The following initializes the matrix with a row and column for each word.
It also records where each word is, so that words' rows and vectors
can be looked up by their strings and the system will know which words are not
in the matrix at all (like 'python' in this example).
>>> memory = Memory(words[1])
>>> memory.get_position('make')
273
>>> memory.get_position('python')
-1
Next we need to record the co-occurrence statistics in a list of text segments, yielding something like what appears in the table above.
This goes through all of the words in the matrix, for each finds each of its occurrences in each of the text segments (you can use the utils function indices to help with this), and records all of the co-occurrences within the window around the word, ignoring anything that is beyond the text segment.

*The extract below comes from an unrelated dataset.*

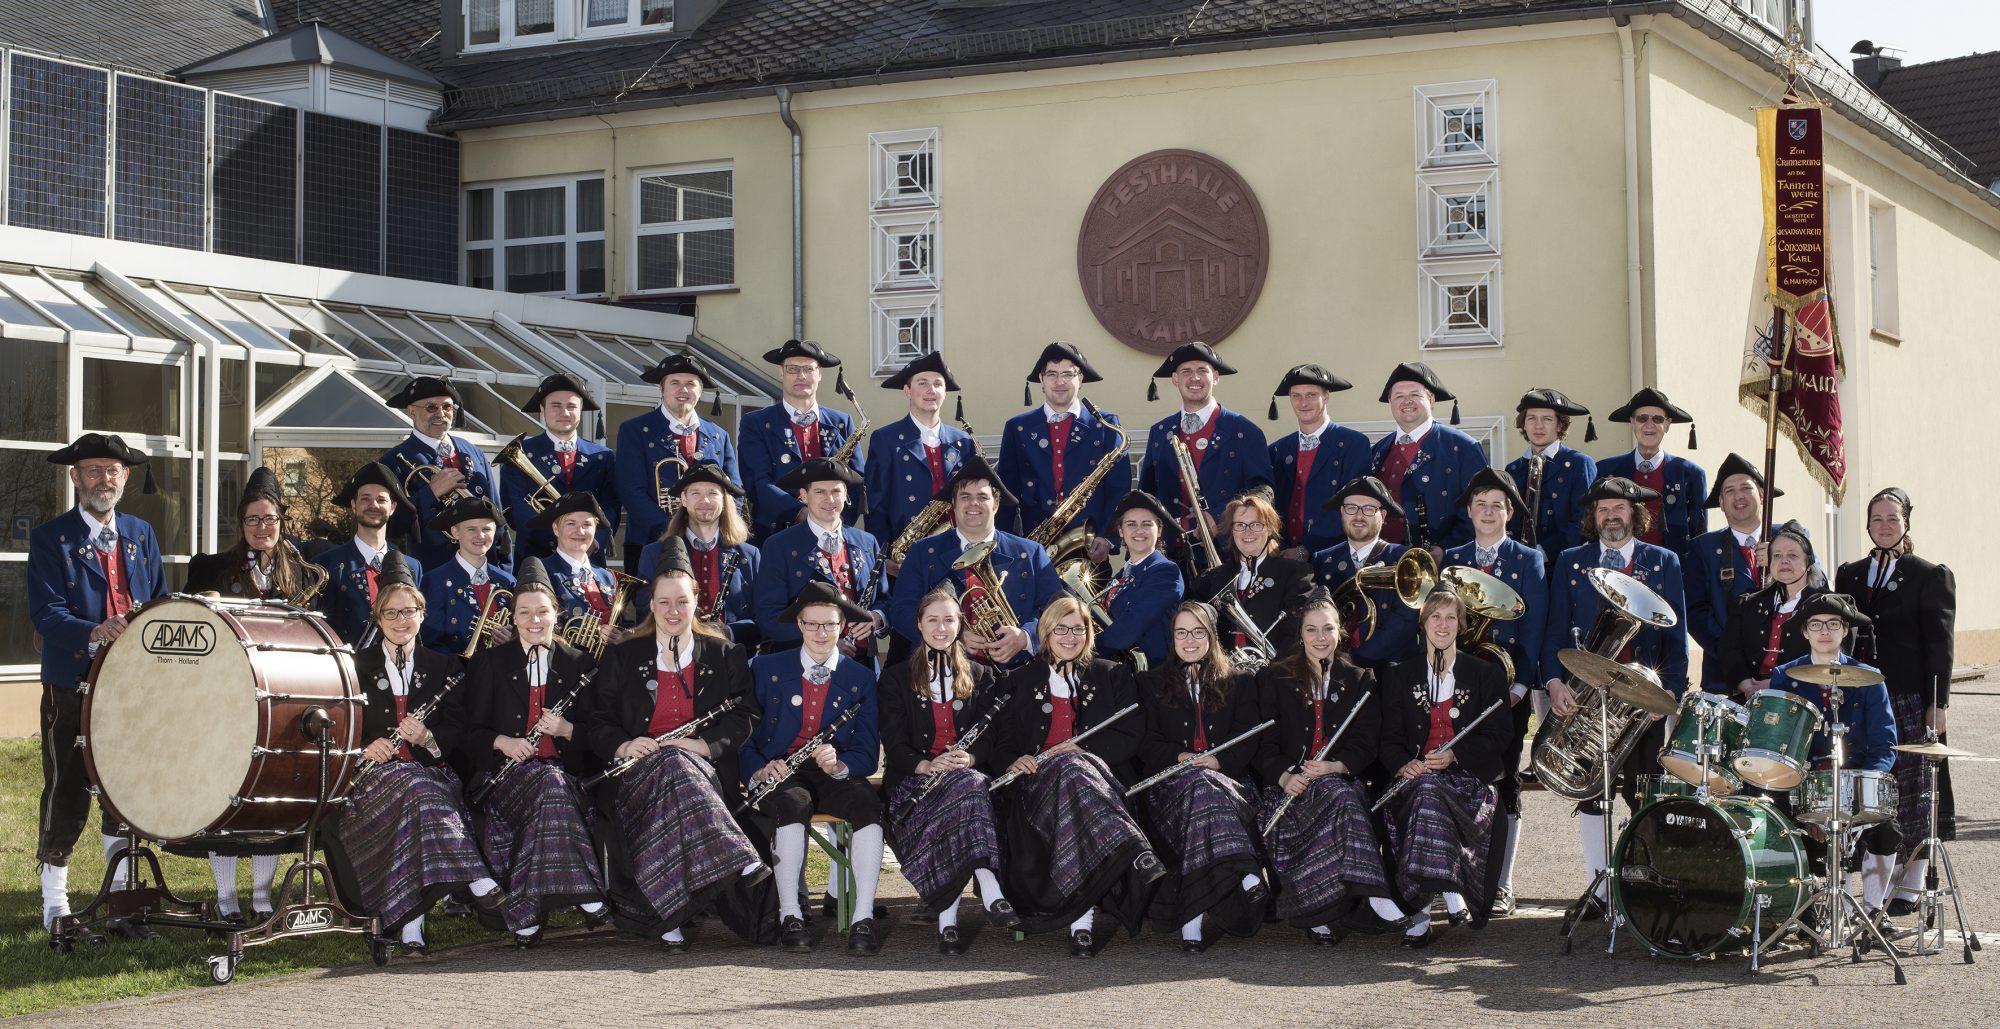 Musikverein Kahl am Main
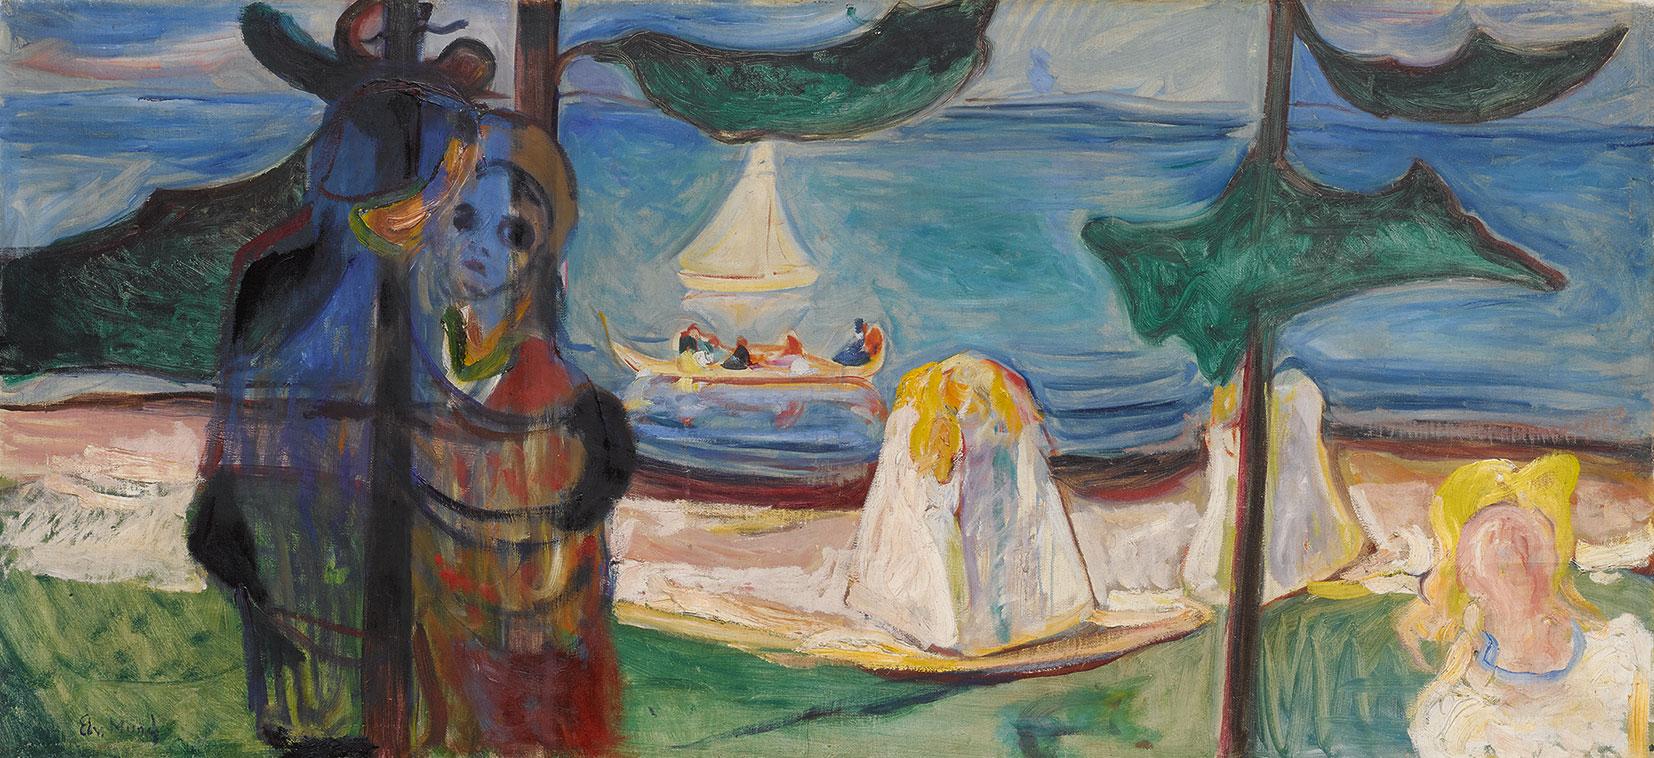 Lot-115,-Edvard-Munch,-Embrace-on-the-Beach-(The-Linde-Frieze),-est.jpg

>>> memory.record(text_segs)
Recorded 100 words
Recorded 200 words
Recorded 300 words
Recorded 400 words
>>> memory.get_word('make')
[0, 0, 0, 0, 0, 0, 16, 0, 0, 0, 0, 0, 0, 0, 0, 0, 0, 0, 0, 0, 0, 0, 0, 0, 0,
0, 1, 0, 2, 0, 0, 0, 0, 0, 0, 0, 0, 0, 0, 0, 0, 0, 0, 0, 0, 0, 0, 0, 0, 0, 0,
0, 0, 0, 0, 0, 0, 0, 0, 0, 0, ...]
Finally we need to make the meaning vector for each word by concatenating its row vector and column vector in the matrix and then normalize this (you can use the utils procedure normalize for this).
>>> memory.make_meanings()
>>> memory.get_word('make').meaning
[0.0, 0.0, 0.0, 0.0, 0.0, 0.0, 0.17383091216625271, 0.0, 0.0, 0.0, 0.0, 0.0,
0.0, 0.0, 0.0, 0.0, 0.0, 0.0, 0.0, 0.0, 0.0, 0.0, 0.0, 0.0, 0.0, 0.0,
0.010864432010390794, 0.0, 0.02172886402078, ...]
Now we can compare the meaning vectors for words to see how well the algorithm works.
We would expect word pairs like 'the'/'a' and 'man'/'woman' to be relatively similar, for example.
(My compare function returns the distance between the vectors, so smaller values represent similarity.)
Of course how successful this is depends on the amount of data that went into the computation
(in this case not much).
>>> memory.compare('the', 'a')
0.59463531833697791
>>> memory.compare('man', 'woman')
0.74723470321935426
>>> memory.compare('the', 'woman')
1.2482614838422446
>>> memory.compare('believe', 'think')
0.73242270749006644
>>> memory.compare('believe', 'man')
1.2256424973901725
Submit your hal_<your_name>.py file and a trace of the program running (including an indication of where your data came from).